Poly(ADP-ribosyl)ation is post-translational type of protein modification involved in the regulation of cell cycle, transcription, initiation of the DNA repair and apoptosis1415. The poly(ADP-ribosyl)ation process can regulate a series of molecular events through regulating enzymatic activities and macromolecular interactions between proteins, DNA and RNA. PARP-1 is responsible for sensing the signals of DNA damage16. DNA strand breaks can be caused by exposures to ionizing radiation, UV light, chemotherapy, or products of cellular metabolism17. Activation of PARP-1 can lead to the addition of poly-(ADP-ribose) branched chains onto the damaged DNA, as well as the assembling proteins involved in DNA repair18. In addition to its role in DNA repair, poly(ADP-ribosyl)ation can also protect the naked DNA from being degraded by nuclease.

It has been suggested that PARP-1 facilitates diverse inflammatory responses through upregulating the expression of inflammation-relevant genes that encode oxidation-reduction-related enzymes, cytokines, and adhesion molecules19. Further, excessive activation of PARP-1 can induce arteriosclerosis, myocardial infarction, hypertension and cardiovascular complications of diabetes2021. However, the relationship between PARP and tumours has been rarely reported. The overexpression of PARP in breast cancer22, glioblastoma23, liver cancer24, prostatic carcinoma25 and pancreatic cancer26 can facilitate the proliferation of tumour cells. Gurung et al27 suggested that the inhibition of PARP-1 and telomerase in MEFs rendered cells is more susceptible to DNA-damaging agents. Other studies1723 demonstrated that inhibiting the activation of PARP could enhance glioblastoma and lung cancer sensitivity to radiation. The PARP-1 inhibitor ANI and the suppression of PARP-1 expression by siRNA can significantly sensitize human liver cancer cells to doxorubicin treatment24.

The inhibitory effects of 3-AB on PARP-1 expression has been well established, Valenzuela et al28 showed that a concentration of 5mM of 3-AB after 2 h-exposure effciently blocks PARP activity avoiding PARP-polymer formation in response to to DNA damage in primary mouse embryonic firoblast.
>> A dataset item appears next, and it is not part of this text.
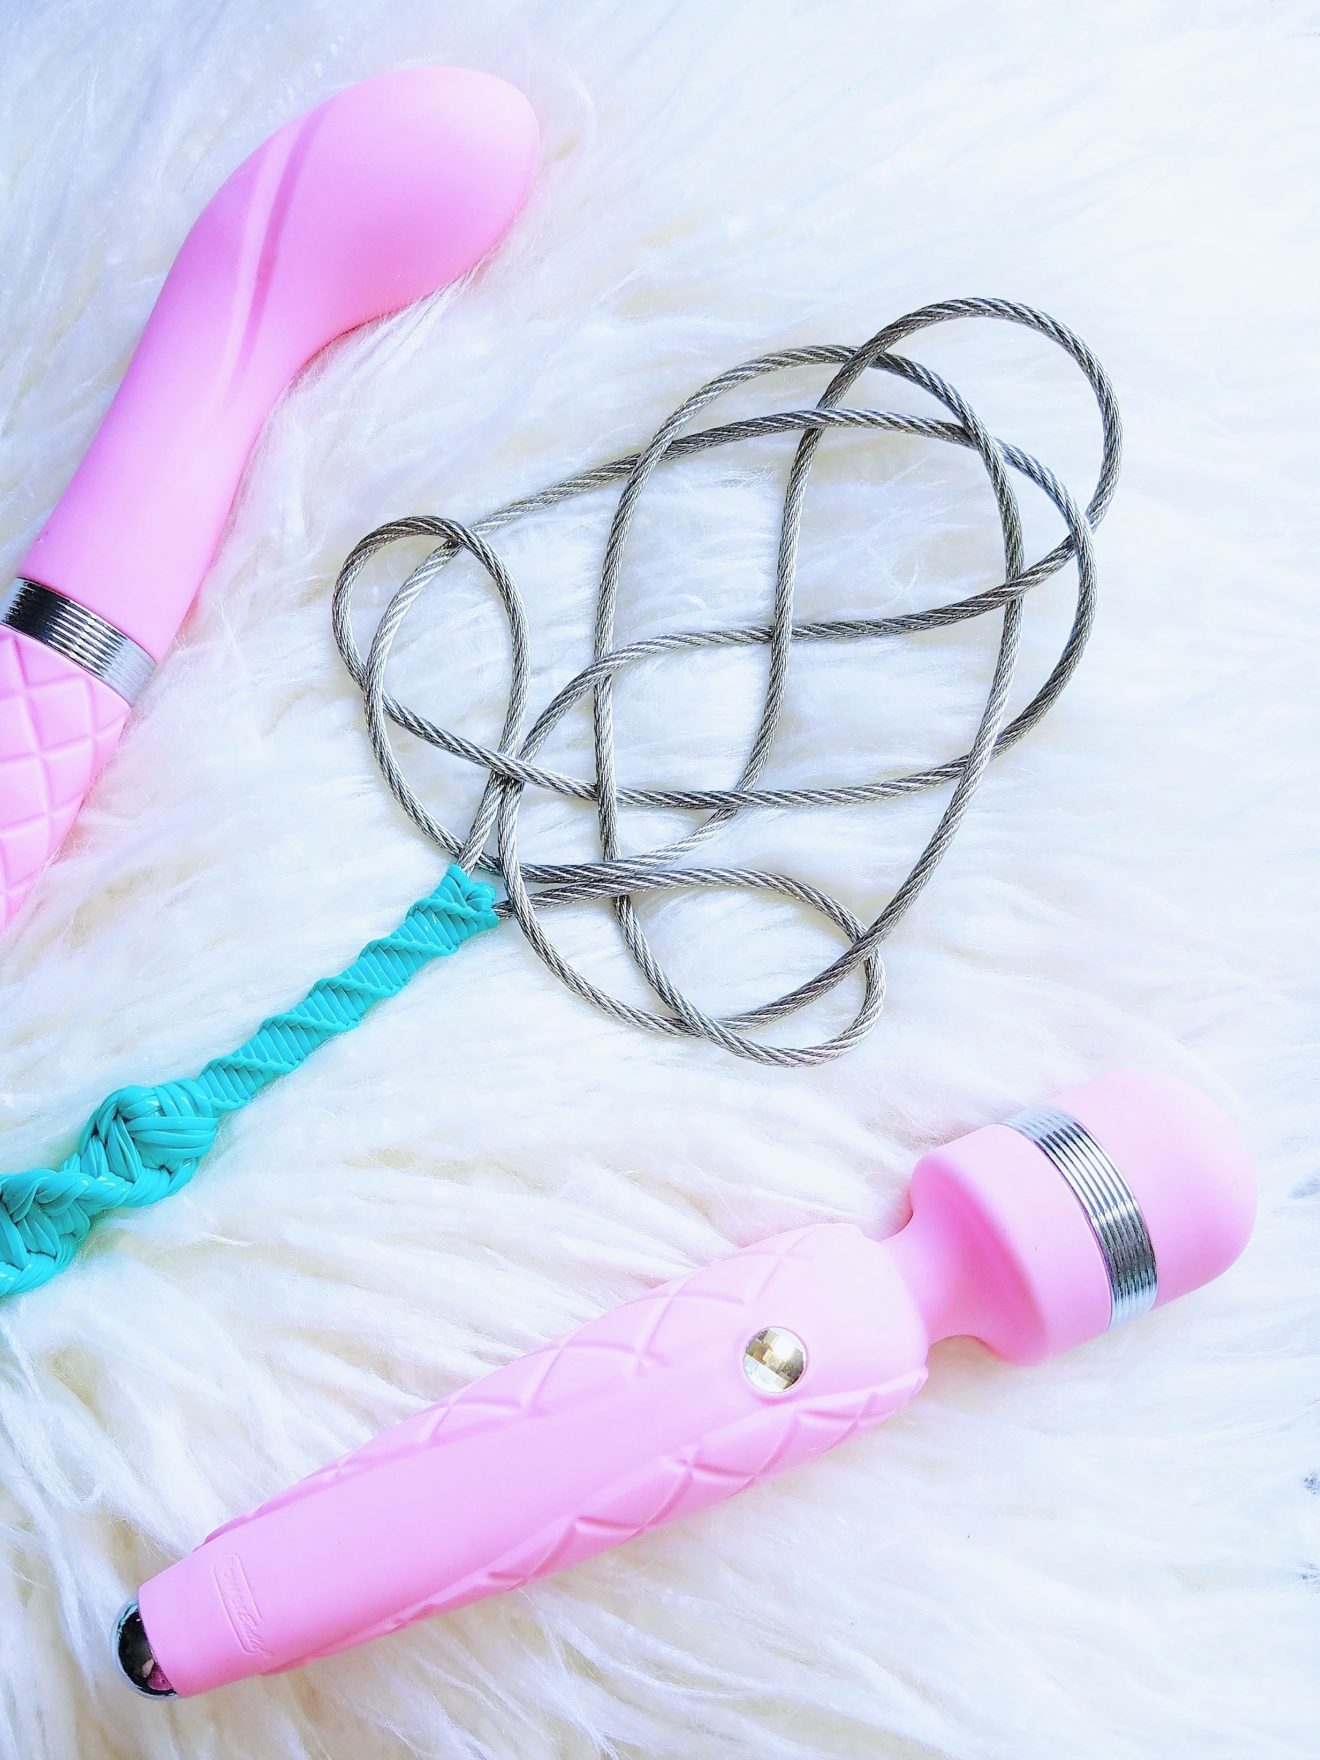 [Image: Pillow Talk Sassy next to Pillow Talk Cheeky and Kink Nerd Toys rug beater paddle]

Wang et al29 reported that 3-AB was able to reduce PARP-1 activity in the millimole range in the repair proficient human glioma M059K cells. Zheng et al30 indicated that 3-AB suppressed cell growth, cell invasion and enhanced the suppressive effects of cisplatin in vitro in U2OS cells. They suggested that 3-AB may be developed into an effective agent for the treatment of human osteosarcoma.
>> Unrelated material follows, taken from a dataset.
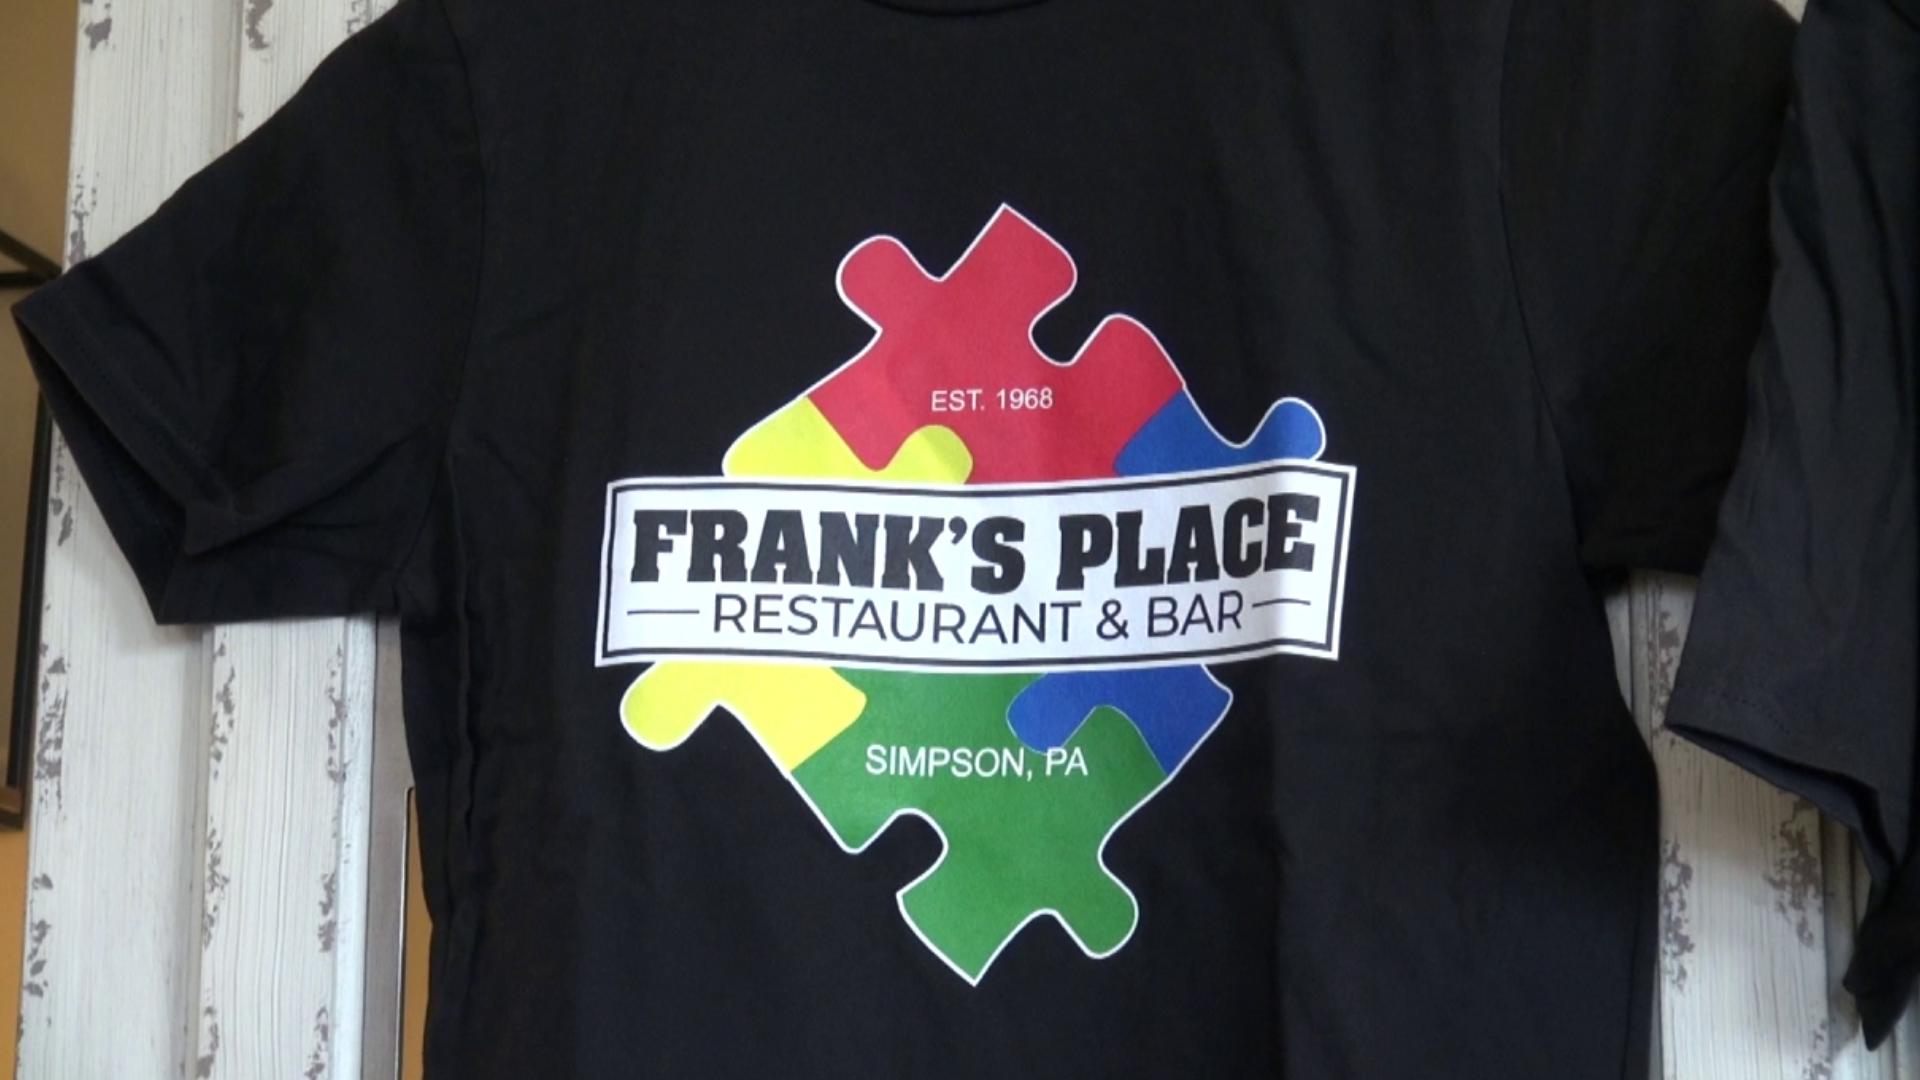 The owners of Frank's Place honor Autism Acceptance Month all year round, not just in April.

In summary, our study indicated that the PARP inhibitor 3-AB inhibited the proliferation activity of C13^* cells, and increased the cellular sensitivity to cisplatin. We thus proposed that combined treatment of PARP inhibitor with cisplatin can reverse the drug resistance of ovarian cancer cells, reduce the dosage and side effects of cisplatin chemotherapy, and improve the prognosis of patients suffering from ovarian cancer. However, the PARP protein family includes 17 members, and chemical inhibitors may have nonspecific suppression effects. Systemic long-term administration of PARP inhibitors may harm the DNA repair and genomic stability in normal cells, which can lead to secondary tumours years after3132. Therefore, novel PARP-1 inhibitor with low toxicity and high specificity need to be tested in future. With the progress in the PARP research and combination therapy, targeted therapy using PARP inhibitors may play a vital role in the prevention of tumours.